Sentiment Remains in Extreme Optimism Zone
Despite relatively high valuations, the primary cyclical trend as we go into summer remains favorable, as measured by Big Mo and the Fed. Caution is advised; the cyclical bull is aged and investor sentiment is once again in the Extreme Optimism zone. I continue to expect a sizable summer sell-off and favor hedging equity exposure and actively managing your bond exposure in a disciplined way (i.e.: Zweig Bond Model).
Consider Your Options
As discussed in this week’s Trade Signals and most of the recent weekly postings of On My Radar, due to the level of risk, I suggest hedging your equity exposure with some form of tail risk protection (severe event risk protection). For hedging, I favor a collared option approach (writing out of the money covered calls and buying out of the money put options) as a relatively inexpensive way to risk protect your long-term focused equity portfolio exposure. Also, consider buying deep out of the money put options for risk protection.
Whether you’re new to options or you’re trying to develop advanced trading strategies, there are a wealth of educational sources to access. This video, Options Trading for Beginners from E-Trade, is a good basic introduction. The big retail brokers all have trading platforms that integrate options trading and education.
To go deeper into options, try tastytrade, an online financial network with eight hours of live, original programming every week day devoted entirely to options trading strategies.
Tail Risk Hedging: Creating Robust Portfolios for Volatile Markets (McGraw-Hill, 2014) is about using a tail-hedging overlay at relatively low and finite cost so an investor may achieve three objectives:
- He can hold his investments in other skilled managers (funds, stocks or ETFs) while hedging out the common market tail risk exposure,
- he can tune up or down the market exposure according to his needs and the opportunity sets with liquid instruments and,
- he has more predictability about the distribution of returns,: that is, he could plan his investment strategy ahead of the day-to-day implementation noise.

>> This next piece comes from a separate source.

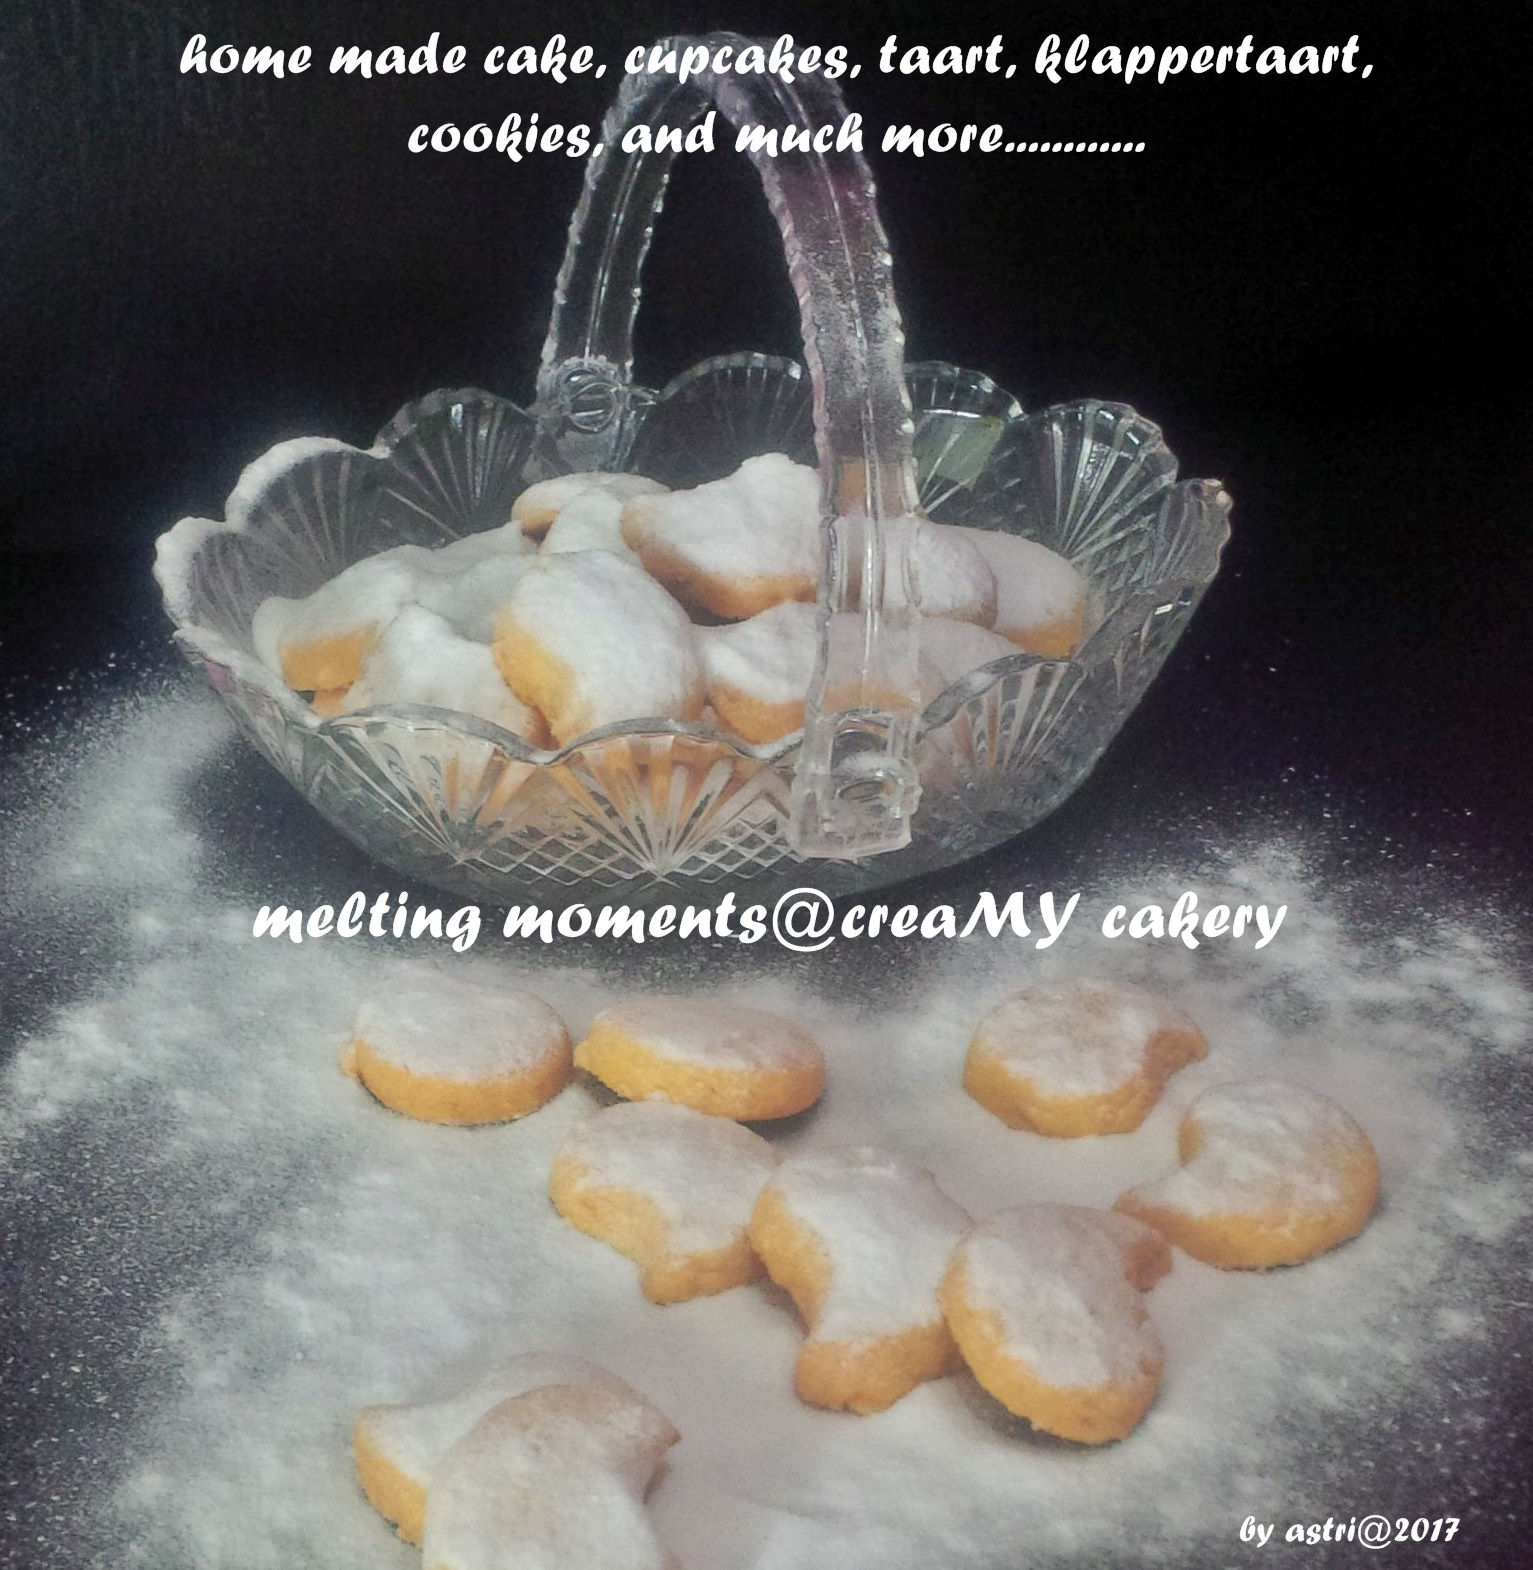 Creamy Cakery 2017 Sambel 200gr By Dapur Liwet Ui Foto Diambil Seadanya Dan Sesempatnya Hehehehe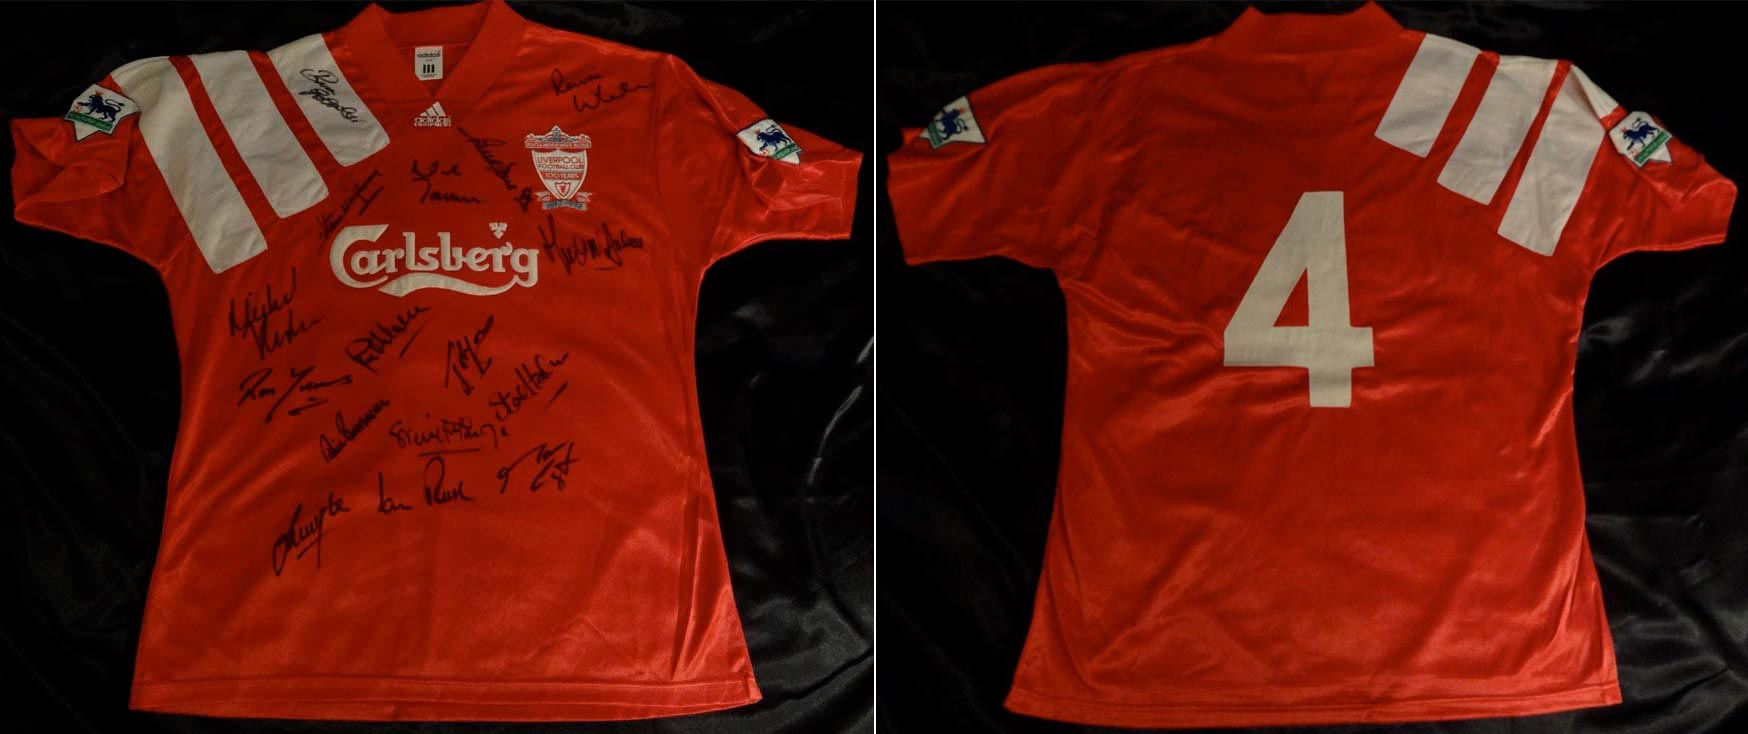 40cdb4bdf25 1992-93 Premier League Home player shirt short sleeve № 4 Steve Nicol  (patches Premier League

My good friend, Christopher Geczy, Ph.D., Academic Director, Wharton Wealth Management Initiative and Adj. Associate Professor of Finance, The Wharton School adds, “This book is critical and accessible reading for fiduciaries, financial consultants and investors interested in both theoretical foundations and practical considerations for how to frame hedging downside risk in portfolios. It is a tremendous resource for any involved in asset allocation today.”
The book is about how tail risk hedging works, how it is implemented and how it can lead to higher returns with very little cost over a market cycle. It is my hope that you find it helpful. The author, Vineer Bhansali, Managing Director and Portfolio Manager at PIMCO, does an excellent job at explaining hedging and how you might implement a strategy.